The records ▸
========

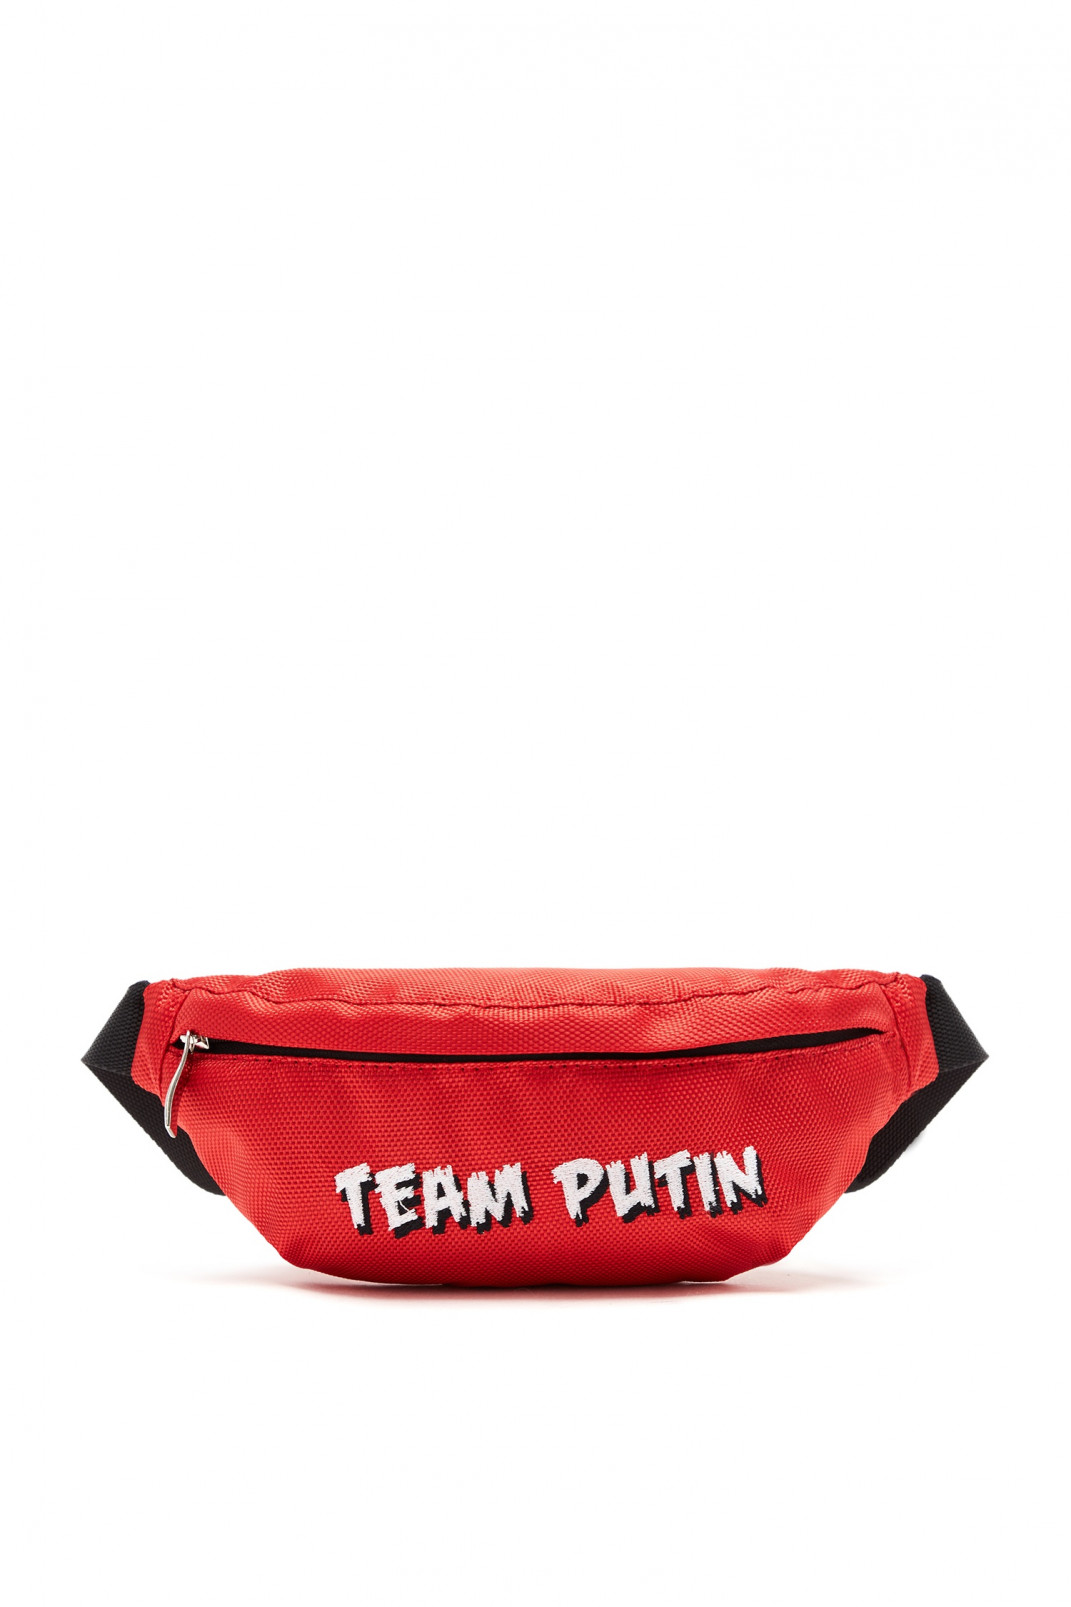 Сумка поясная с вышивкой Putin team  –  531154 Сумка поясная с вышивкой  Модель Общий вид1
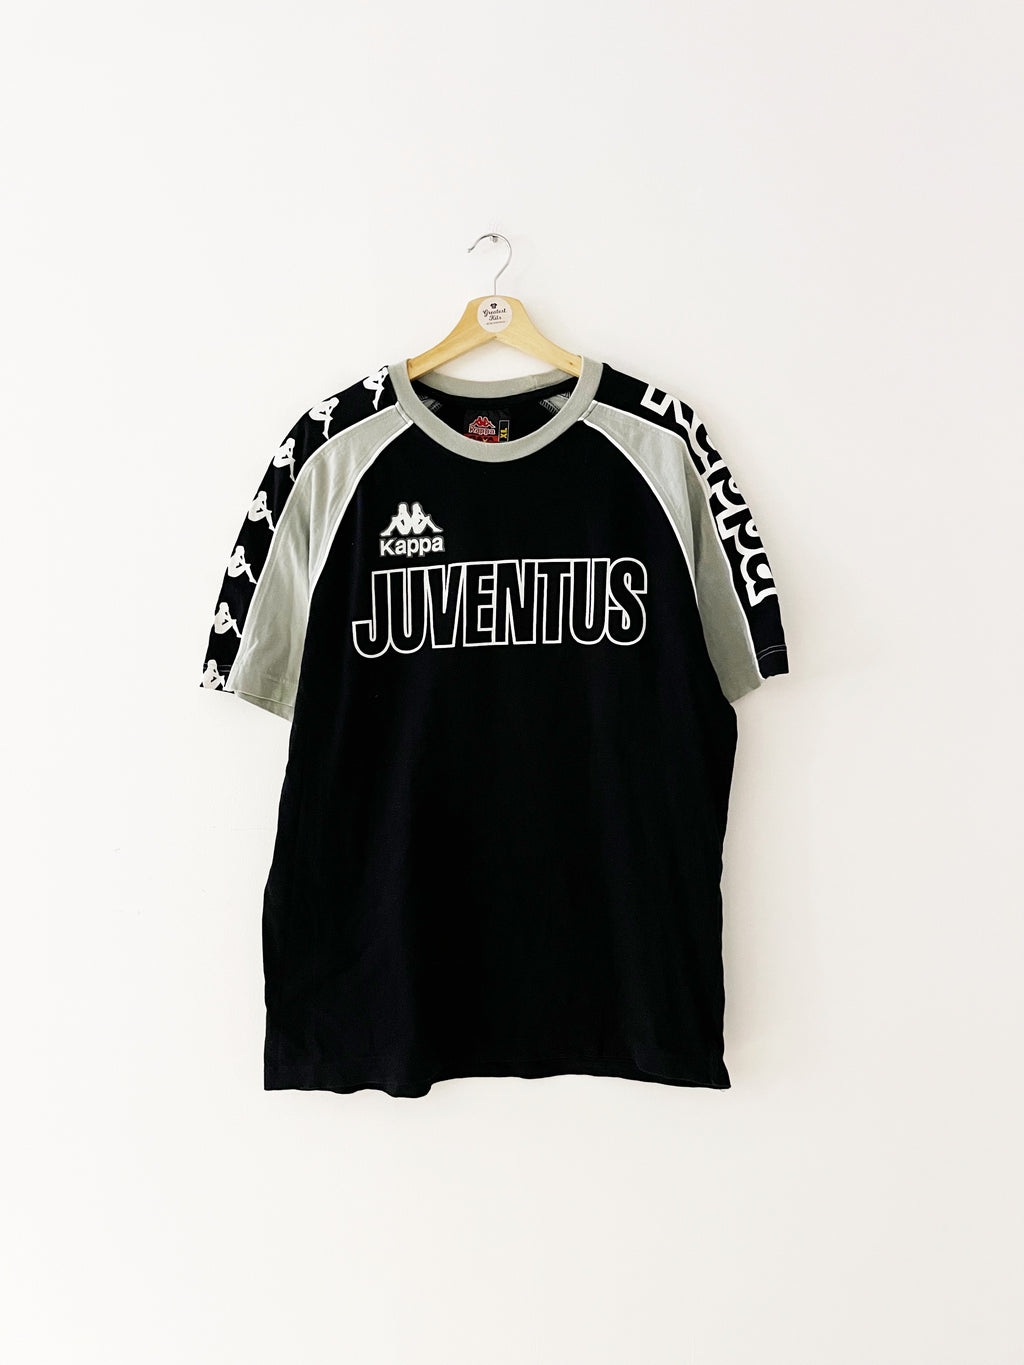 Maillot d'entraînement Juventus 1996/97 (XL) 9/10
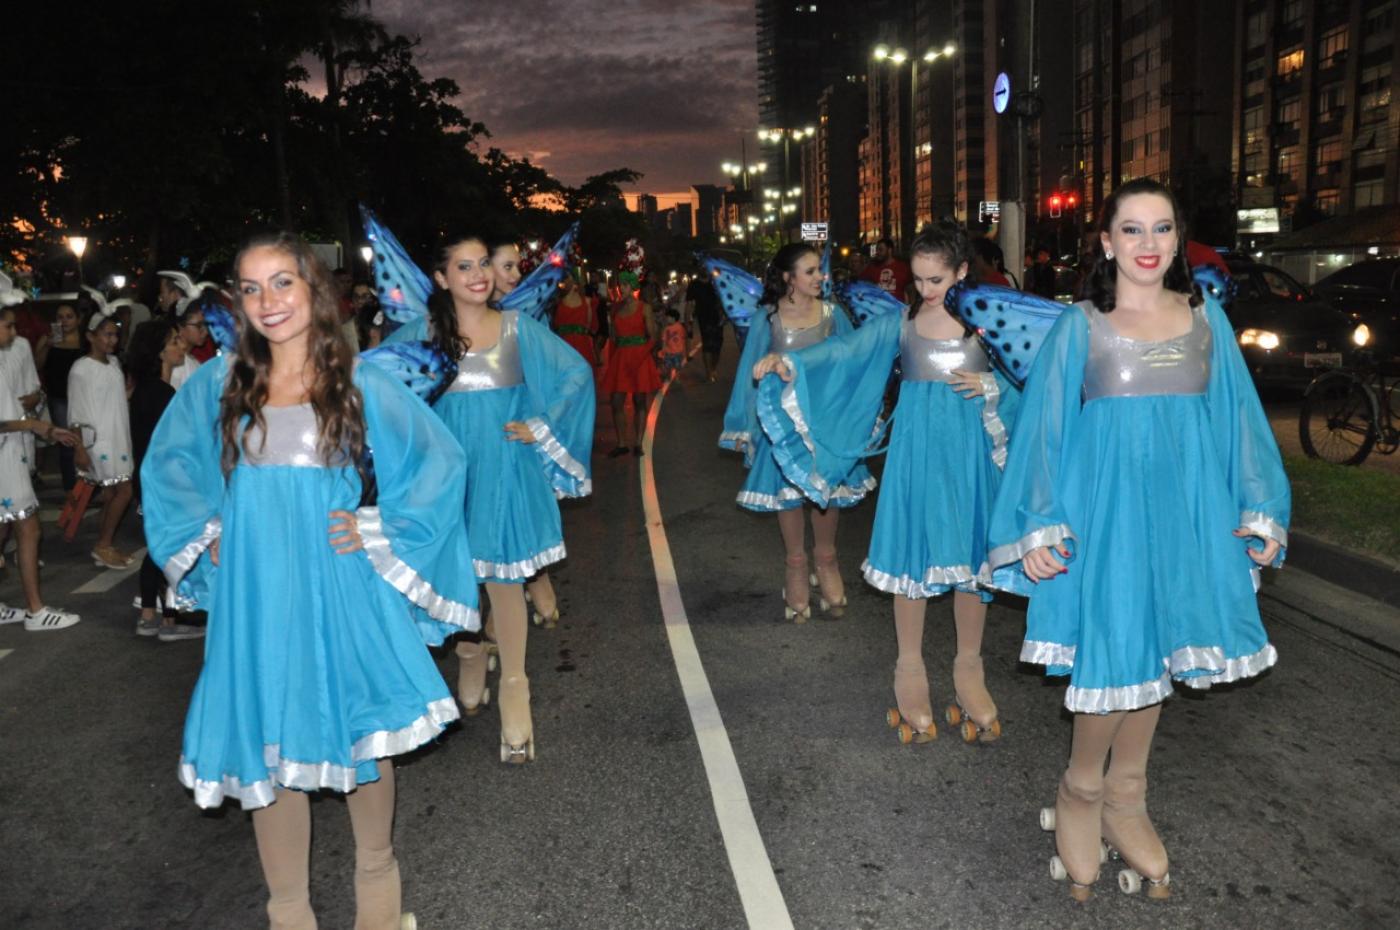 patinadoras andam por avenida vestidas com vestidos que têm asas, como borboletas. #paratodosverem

========

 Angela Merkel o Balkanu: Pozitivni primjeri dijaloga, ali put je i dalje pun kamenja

========

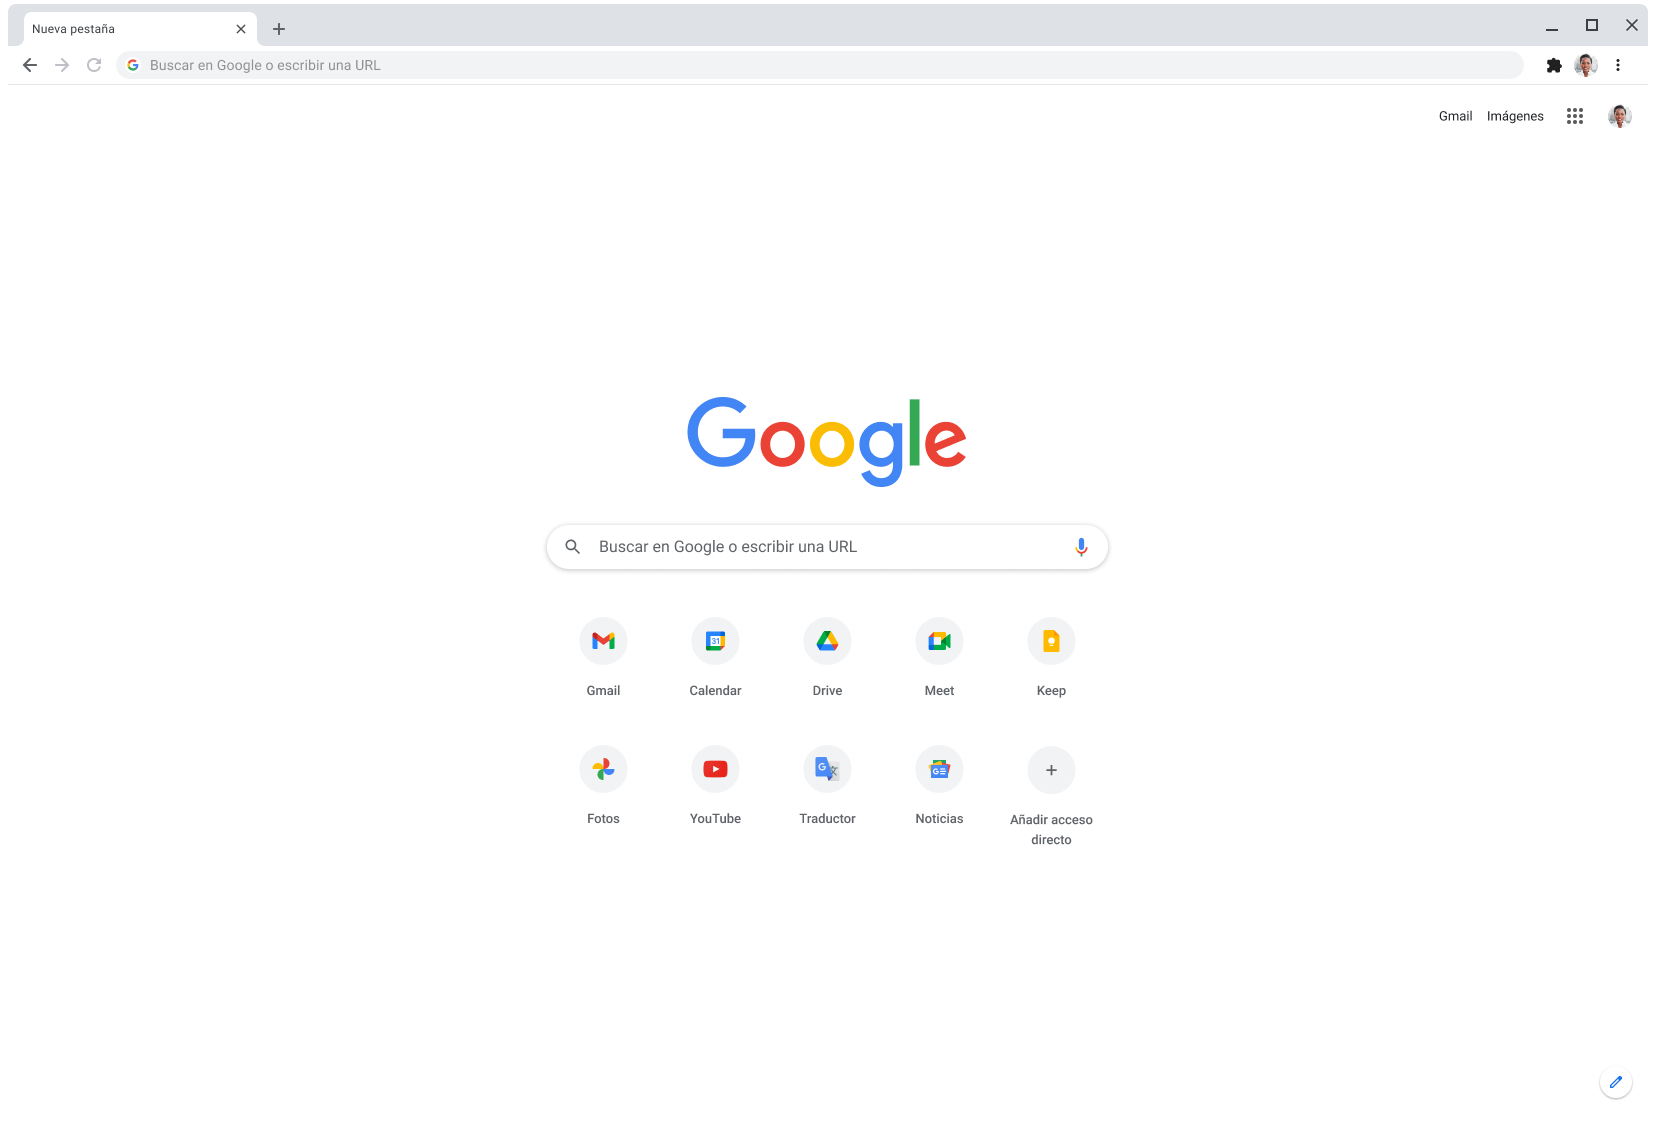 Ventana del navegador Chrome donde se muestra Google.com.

========

What to produce ▸
Go to the line above that has "Maillot d'entraînement Juventus" and copy exactly from there down to the line that has "patinadoras andam por", both included. Leave the pictures out.

Solution to the exercise ▸
 Maillot d'entraînement Juventus 1996/97 (XL) 9/10
 patinadoras andam por avenida vestidas com vestidos que têm asas, como borboletas. #paratodosverem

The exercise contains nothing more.